Investigating this extensively, it would appear that the root of this exception is a fundamental problem in Jenkins or JAX-WS. Briefly, JAX-WS has a ServiceLoaderUtil class shared among the SAAJ, JAXB, and JAXWS libraries to invoke java's ServiceLoader and get implementation classes, but it only ever invokes ServiceLoader.load(Class spiClass), the method that tries to load the class from the current thread's context ClassLoader.

I'm not sure there is a practical solution here. In the case of e.g. jenkinsci/azure-storage-plugin#194 we are just consuming some upstream Microsoft Azure SDK that ends up calling Jackson to parse XML, so we can't change the way we invoke Jackson. And I can't think of any way to patch Jackson to work around this either. Patching javax.xml.stream.FactoryFinder sounds impractical as well.

Given the above, I think we have to accept that core will have to bundle Woodstox if we intend to have plugins that use Jackson to parse XML work with Jenkins' architecture. That is basically the status quo, with an ancient version of Woodstox (3.x). If we must do that, then I think we ought to ship the latest version of Woodstox rather than the ancient Woodstox 3.x that we're shipping today. At least that way what ServiceLoader returns will be something close to what the plugin's Jackson/Woodstox dependency tree is expecting, rather than the frighteningly old version of Woodstox in the current status quo.

@jglick
Copy link
Member

jglick commented Jul 2, 2021

we can't change the way we invoke Jackson

Sure you can. Just set the CCL before using the Azure SDK. jenkinsci/jira-plugin#353 for example

@basil
Copy link
Member Author

basil commented Jul 2, 2021

Of course, but I don't think that meaningfully changes my analysis. Yes every plugin that either directly or transitively calls Jackson to parse XML could wrap such calls in a try/finally like the one you linked to, but how would one ever enumerate all such calls in all plugins? Even usage-in-plugins won't be of much help here, since while it can identify plugins that directly or transitively depend on jackson-databind-xml, it can't print out a report of every call site in Jenkins plugin code that may end up directly or transitively invoking jackson-databind-xml. Moreover, even if it could, there could be hundreds of these call sites (there are a dozen or so plugins that directly or transitively consume jackson-databind-xml) and I doubt it is practical to go and add try/finally blocks to all call sites in all plugins.

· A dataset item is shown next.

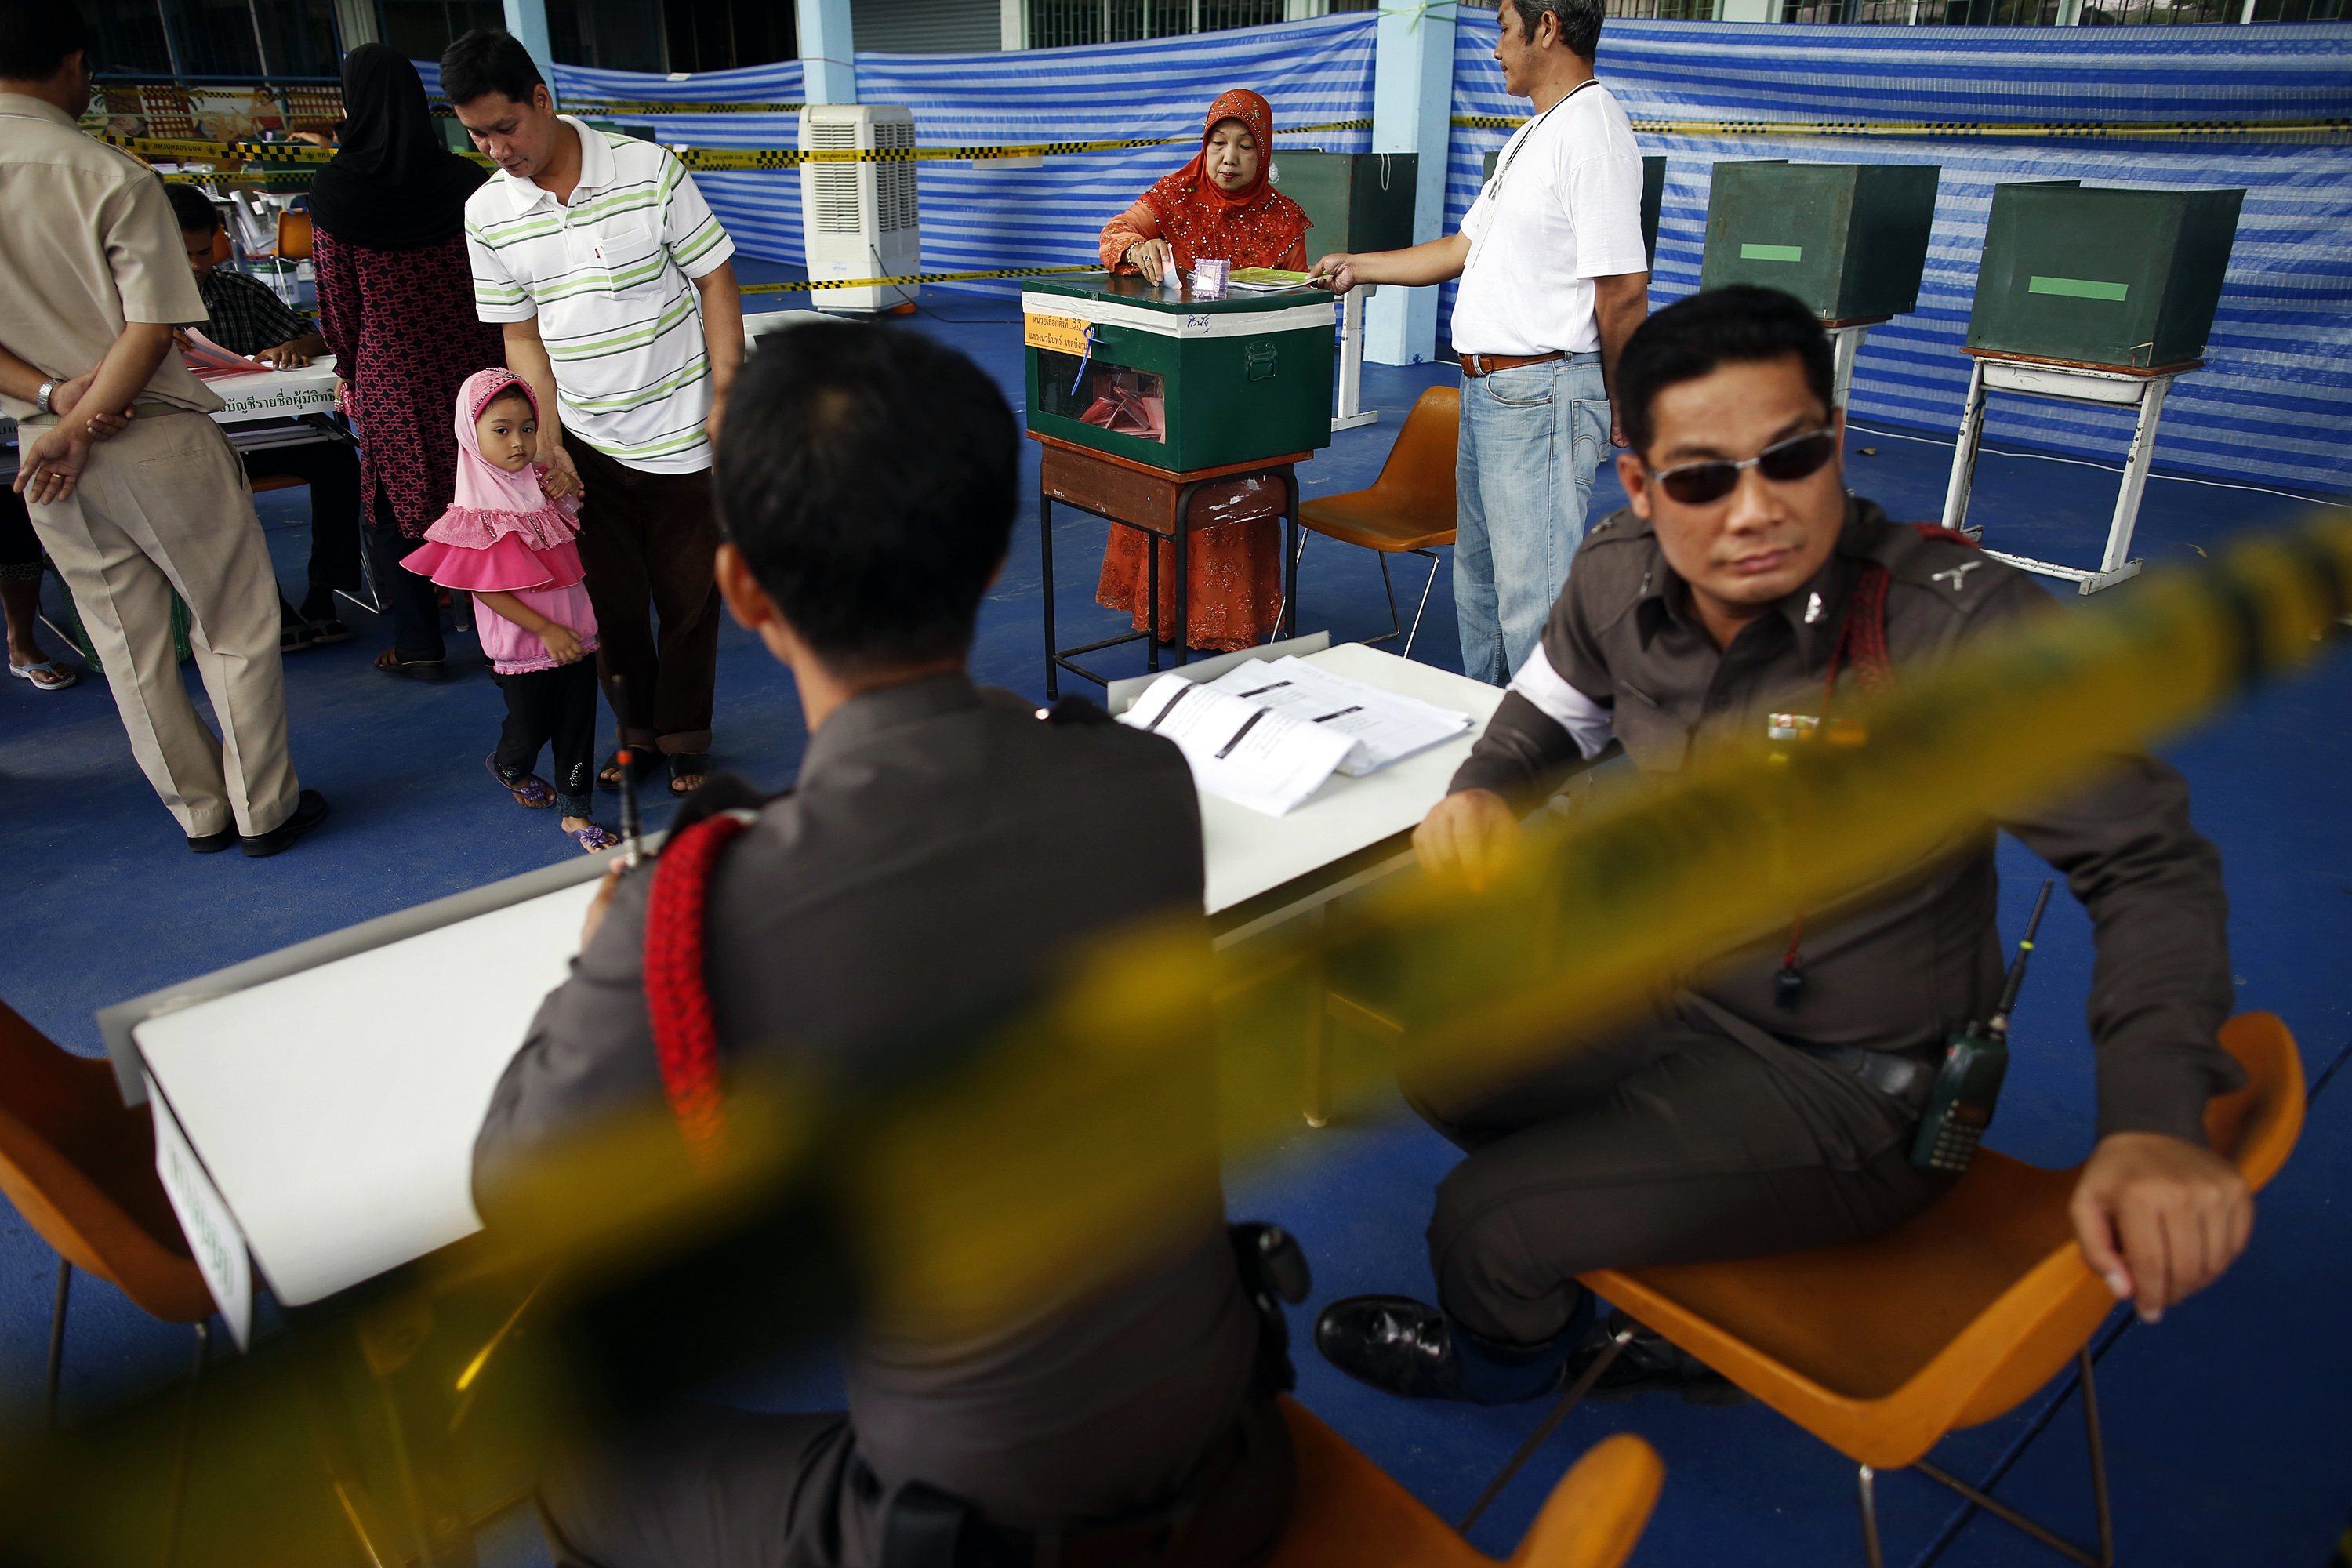 Κρίσιμες εκλογές στην Ταϊλάνδη

Yes we could keep wstx-asl out of Jenkins core and patch the one call site found above in azure-storage, but who knows how many other bugs remain? Do we really want to just wait and see, and patch one plugin at a time as users encounter regressions? That doesn't seem like a great user experience to me.

So I think my conclusion from the above remains:

Given the above, I think we have to accept that core will have to bundle Woodstox if we intend to have plugins that use Jackson to parse XML work with Jenkins' architecture. If we must do that, then I think we ought to ship the latest version of Woodstox rather than the ancient Woodstox 3.x that we're shipping today. At least that way what ServiceLoader returns will be something close to what the plugin's Jackson/Woodstox dependency tree is expecting, rather than the frighteningly old version of Woodstox in the current status quo.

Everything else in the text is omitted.